▶ _DATA SEGMENT_:
===

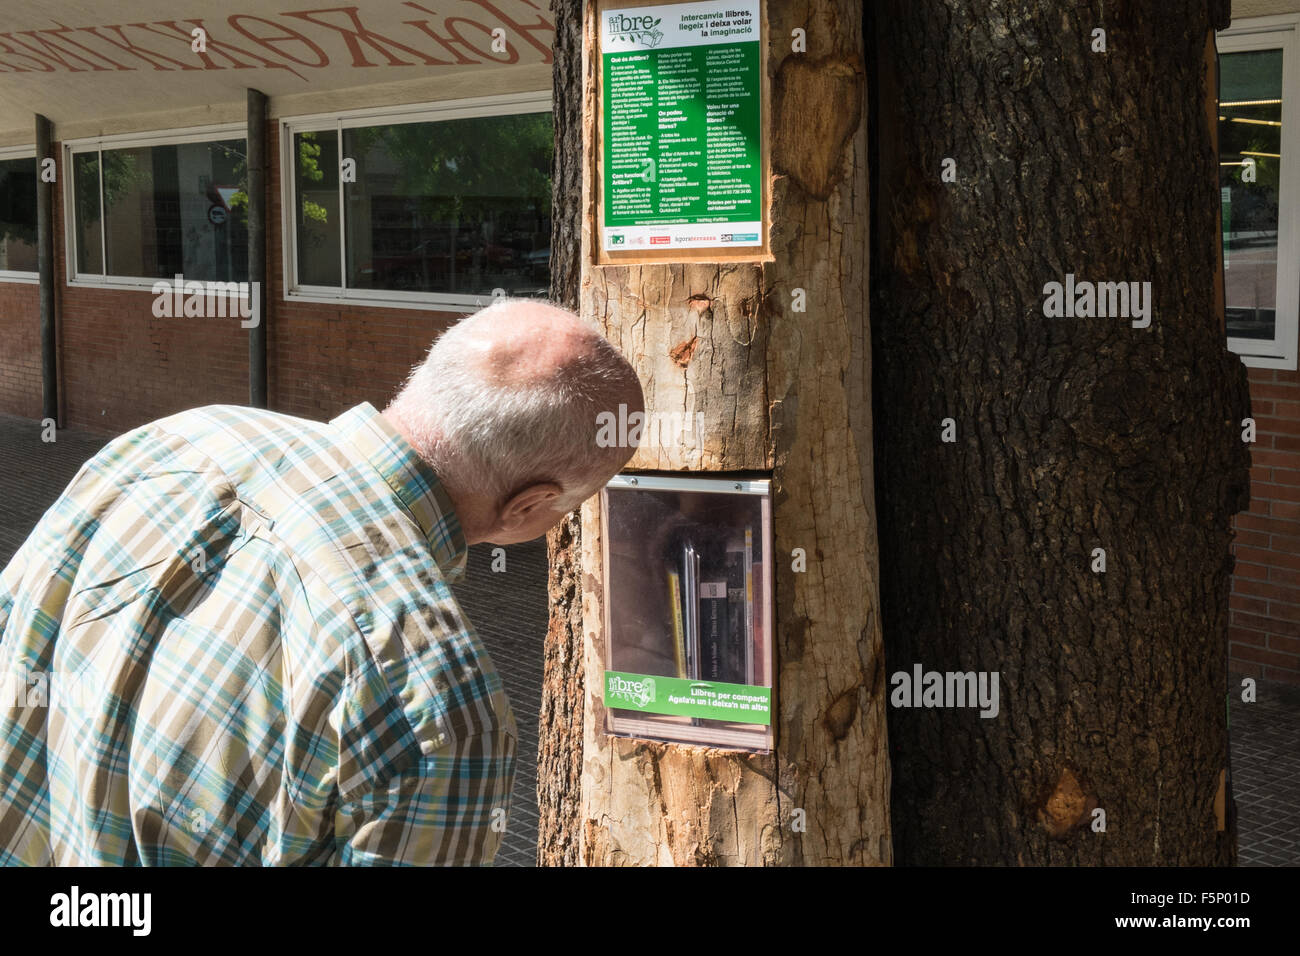 Innovative Idee, verwendet, recycelt, Bücher, die in einem zur Verfügung, Baum, Draußen, Öffentliche Bibliothek, Terrassa, einer Stadt in der Provinz Barcelona, Katalonien, Spanien. Stockfoto
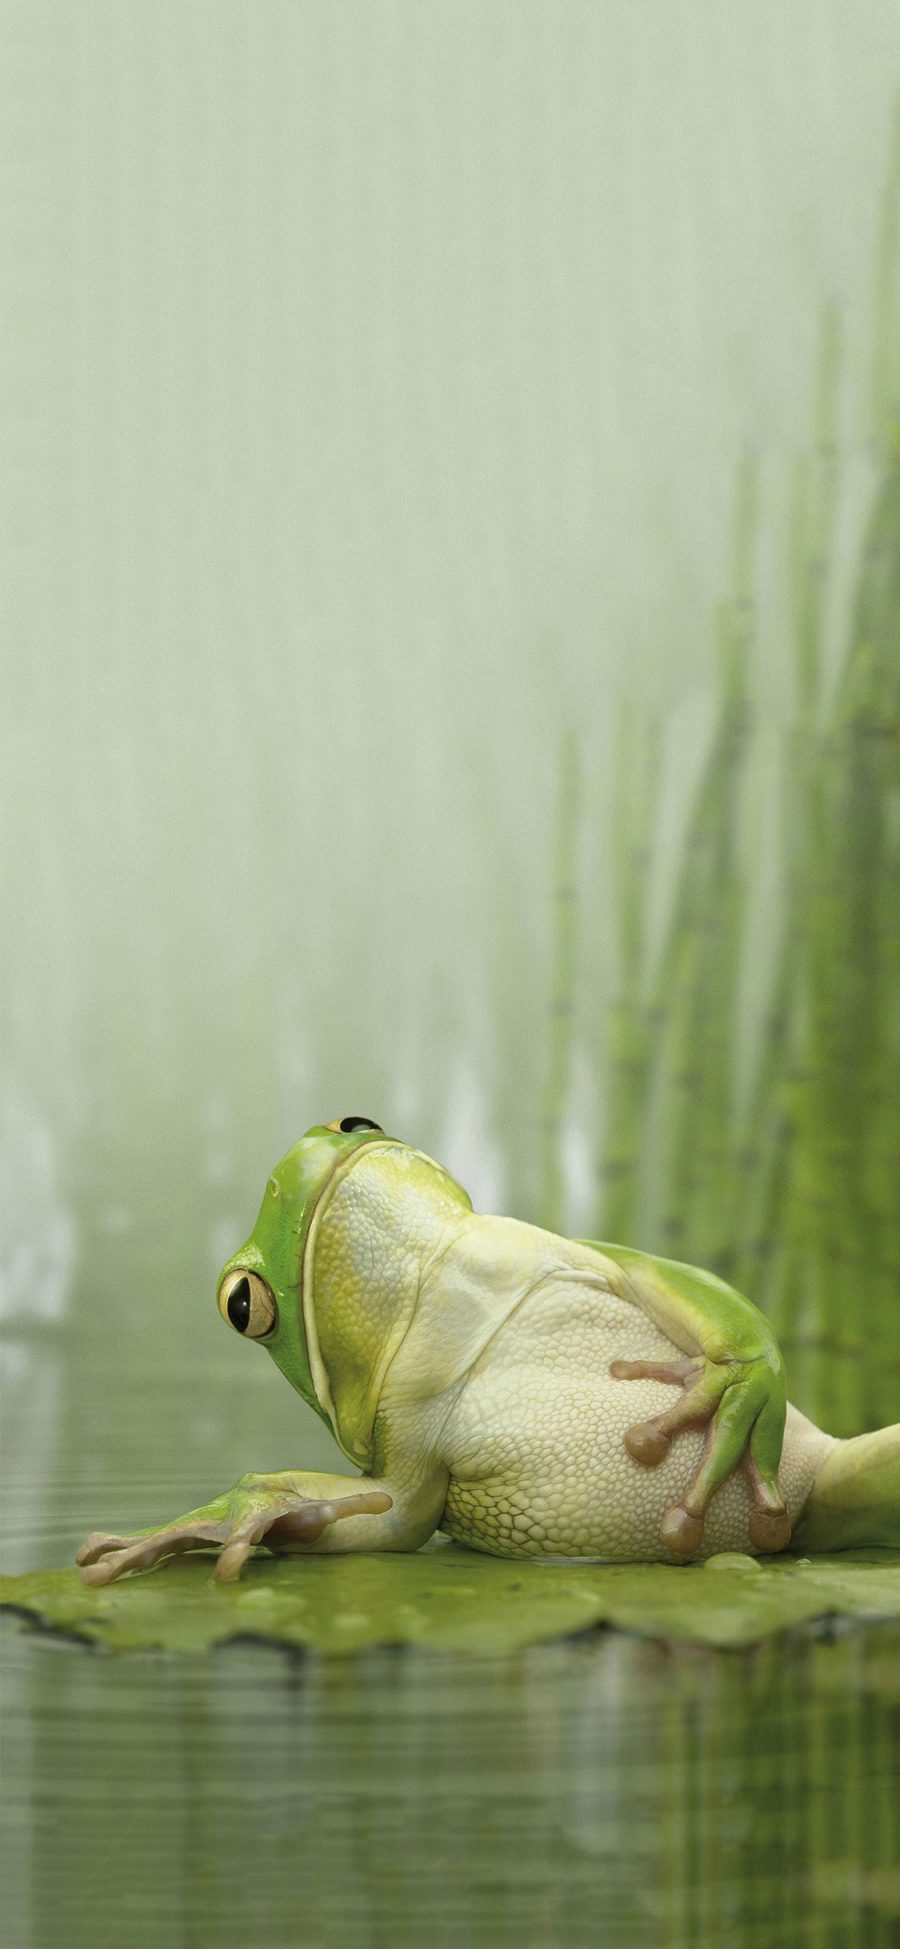 [2436×1125]青蛙 荷叶 绿豆蛙 休息 苹果手机壁纸图片
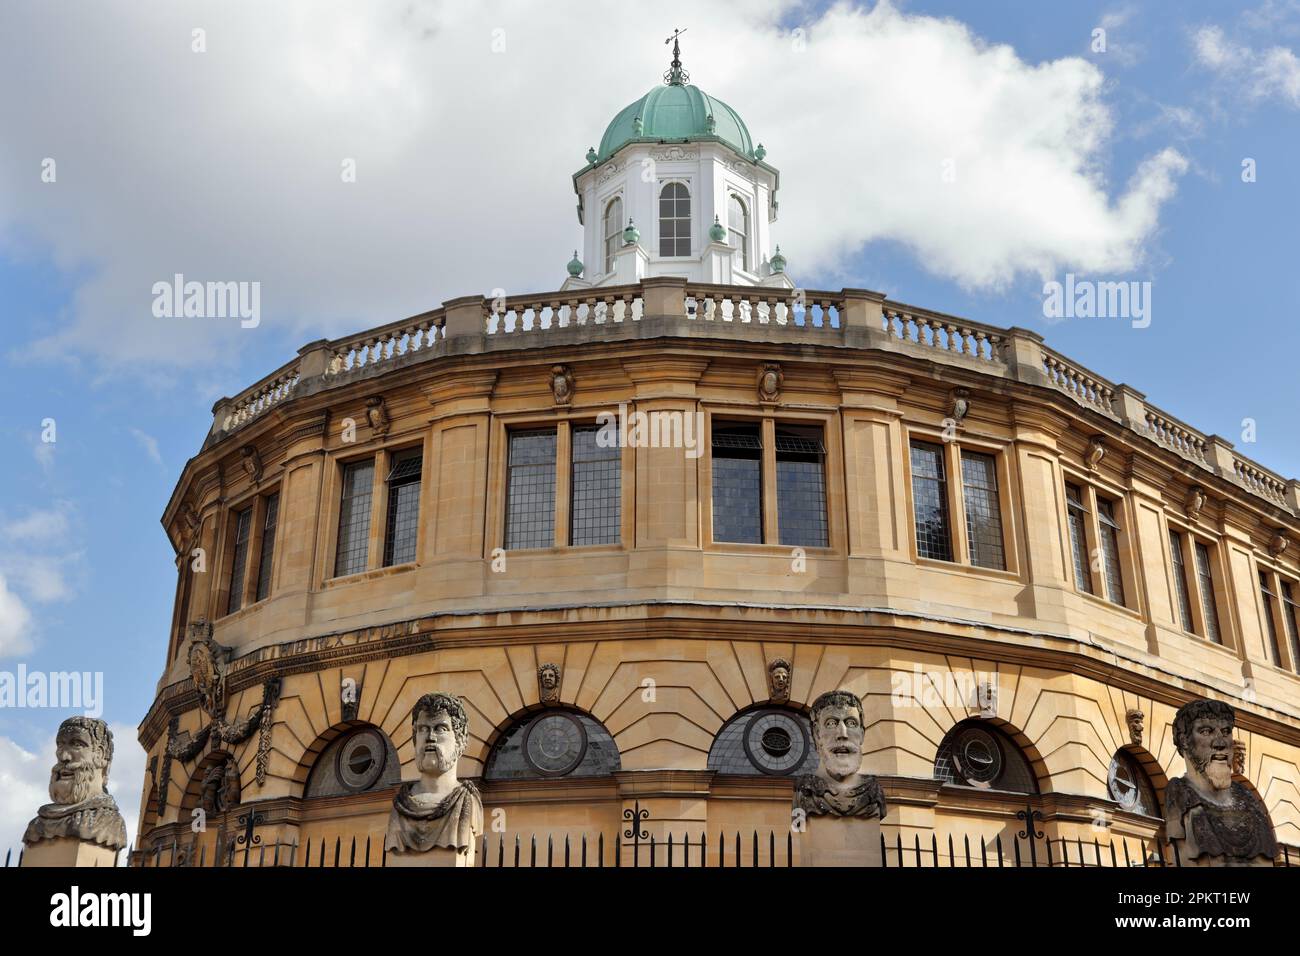 Sheldonian Theatre, utilisé pour des récitals musicaux, des conférences, des conférences et diverses cérémonies tenues par l'Université d'Oxford Banque D'Images
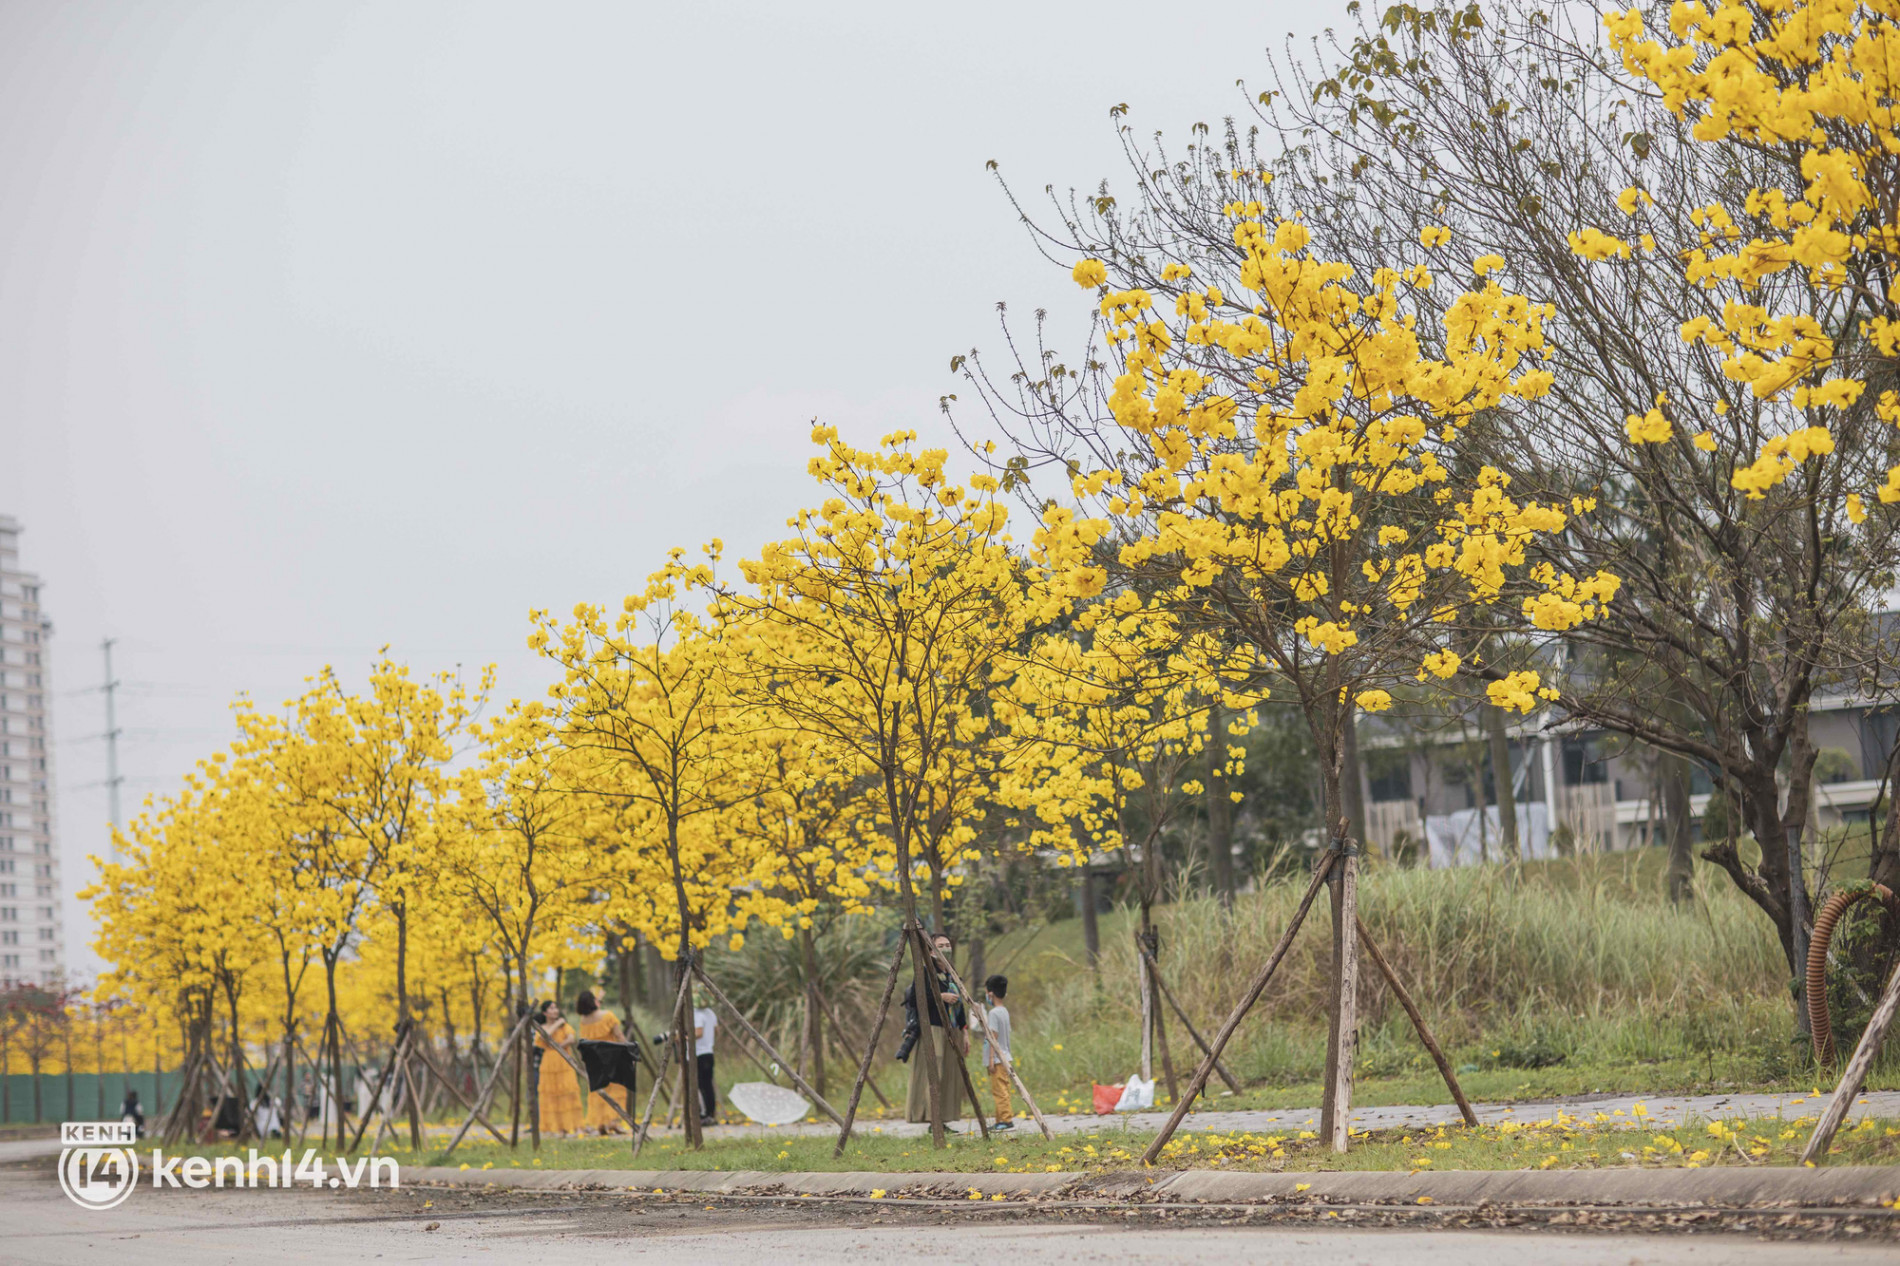 Con đường hoa vàng ở Hà Nội mới nổi 2 ngày đã đông nghịt người kéo đến check-in, có cả ekip “sống ảo” hùng hậu - Ảnh 10.

===

▶ _EXERCISE OBJECTIVE_:
Repeat each line of the material, unaltered, from the first through the line with "[2436×1125]青蛙 荷叶 绿豆蛙 休息 苹果手机壁纸图片", and include no pictures.

▶ _PROBLEM SOLUTION_:
 Innovative Idee, verwendet, recycelt, Bücher, die in einem zur Verfügung, Baum, Draußen, Öffentliche Bibliothek, Terrassa, einer Stadt in der Provinz Barcelona, Katalonien, Spanien. Stockfoto
 [2436×1125]青蛙 荷叶 绿豆蛙 休息 苹果手机壁纸图片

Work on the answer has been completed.